Small dataset: Prior has more influence
Strong prior: MAP pulled toward prior mean

Regularization Connection:

L2 (Ridge): MAP with Gaussian prior
L1 (Lasso): MAP with Laplace prior
Regularization = Bayesian prior

Q4: Derive MAP for linear regression with Gaussian prior (Ridge).

Answer:

Setup:

Model: y = Xw + ε, where ε ~ N(0, σ²)
Prior: w ~ N(0, σ²_prior I)
Goal: Find w that maximizes posterior

Step 1: Prior

P(w) ∝ exp(-||w||²/(2σ²_prior))

Step 2: Likelihood

L(w) ∝ exp(-||y - Xw||²/(2σ²))

Step 3: Log-Posterior

log P(w|D) = log L(w) + log P(w) + constant
           = -||y - Xw||²/(2σ²) - ||w||²/(2σ²_prior) + constant

Step 4: Maximize

Take derivative:

∂/∂w [log P(w|D)] = -1/σ² × Xᵀ(y - Xw) - 1/σ²_prior × w

Set to zero:

-1/σ² × Xᵀ(y - Xw) - 1/σ²_prior × w = 0
Xᵀ(y - Xw) = -σ²/σ²_prior × w
Xᵀy = (XᵀX + λI)w  (where λ = σ²/σ²_prior)
w = (XᵀX + λI)⁻¹Xᵀy

Result:

ŵ_MAP = (XᵀX + λI)⁻¹Xᵀy  (Ridge regression!)

Key Insight: MAP with Gaussian prior = Ridge regression (L2 regularization)!

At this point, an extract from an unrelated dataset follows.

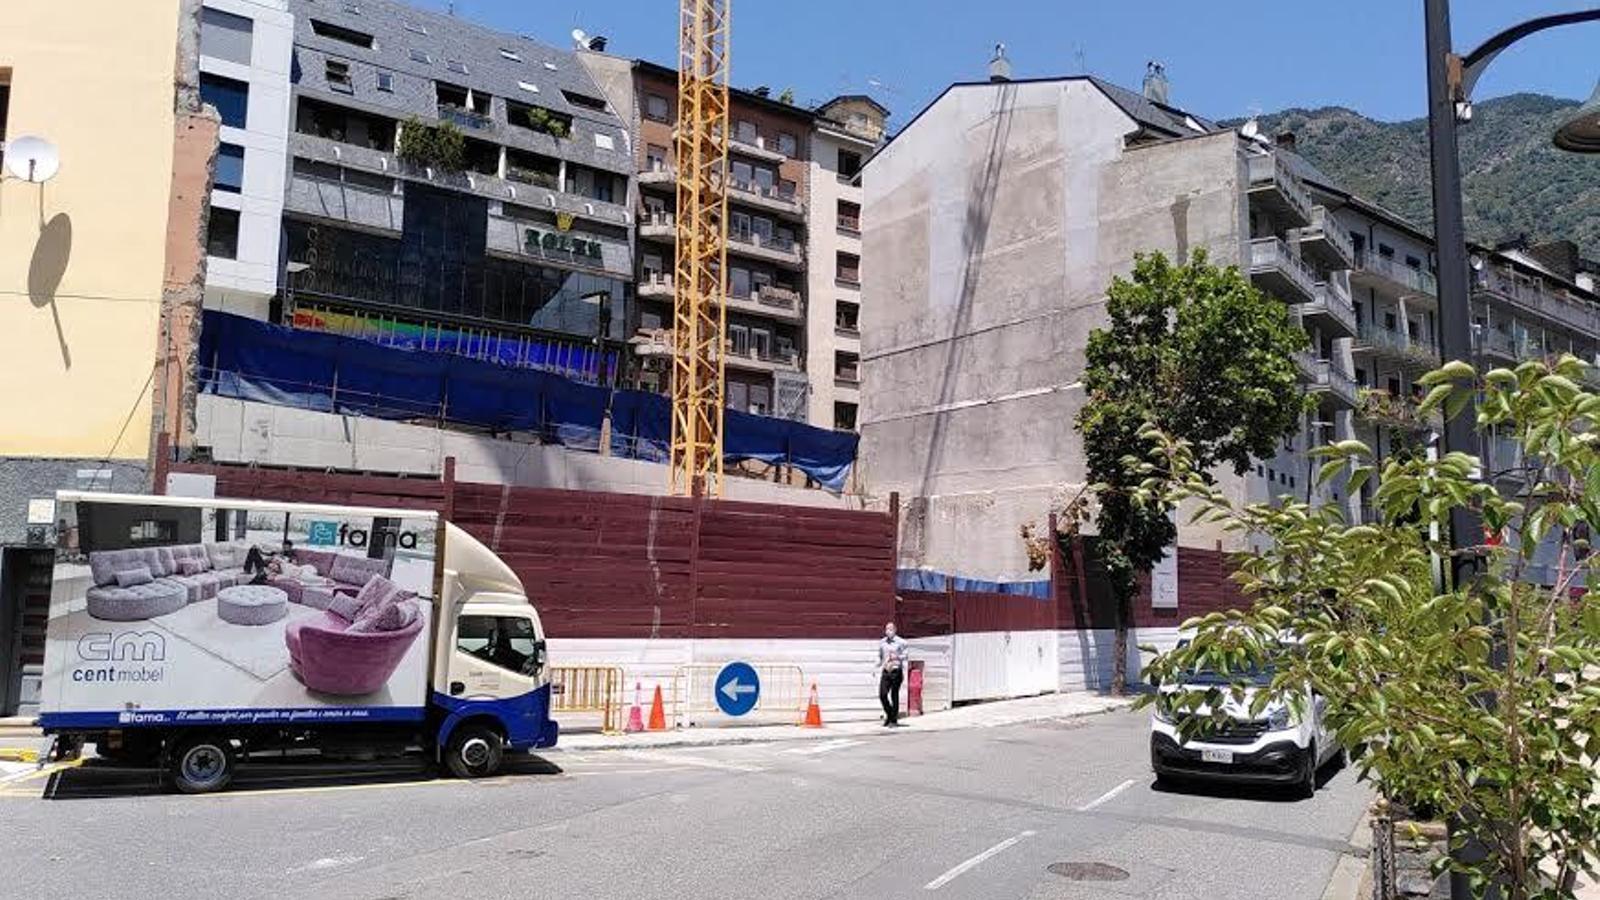 El Grup Cierco projecta un macroedifici en aquest solar, vist des del carrer Prat de la Creu

Q5: Why do we use log-likelihood instead of likelihood?

Answer:

Reasons:

1. Numerical Stability:

Likelihood: Product of many small probabilities → very small numbers
Log-likelihood: Sum of logs → more stable
Example: 0.1 × 0.1 × ... × 0.1 (100 times) = 10⁻¹⁰⁰ (underflow!)
Log: log(0.1) + ... + log(0.1) = -100 × log(10) (manageable)

2. Mathematical Convenience:

Products become sums: log(∏ᵢ Pᵢ) = Σᵢ log Pᵢ
Derivatives easier: d/dθ log f(θ) = (1/f(θ)) × f'(θ)
No product rule needed

3. Monotonicity:

log is monotonic: maximizing log L(θ) = maximizing L(θ)
Same maximum, easier optimization

4. Additive Properties:

Log-likelihoods can be added: log L₁(θ) + log L₂(θ) = log(L₁(θ) × L₂(θ))
Useful for combining datasets

Example:

L(θ) = 0.1 × 0.1 × 0.1 = 0.001  (hard to work with)
log L(θ) = log(0.1) + log(0.1) + log(0.1) = -3 × log(10) ≈ -6.91  (easier!)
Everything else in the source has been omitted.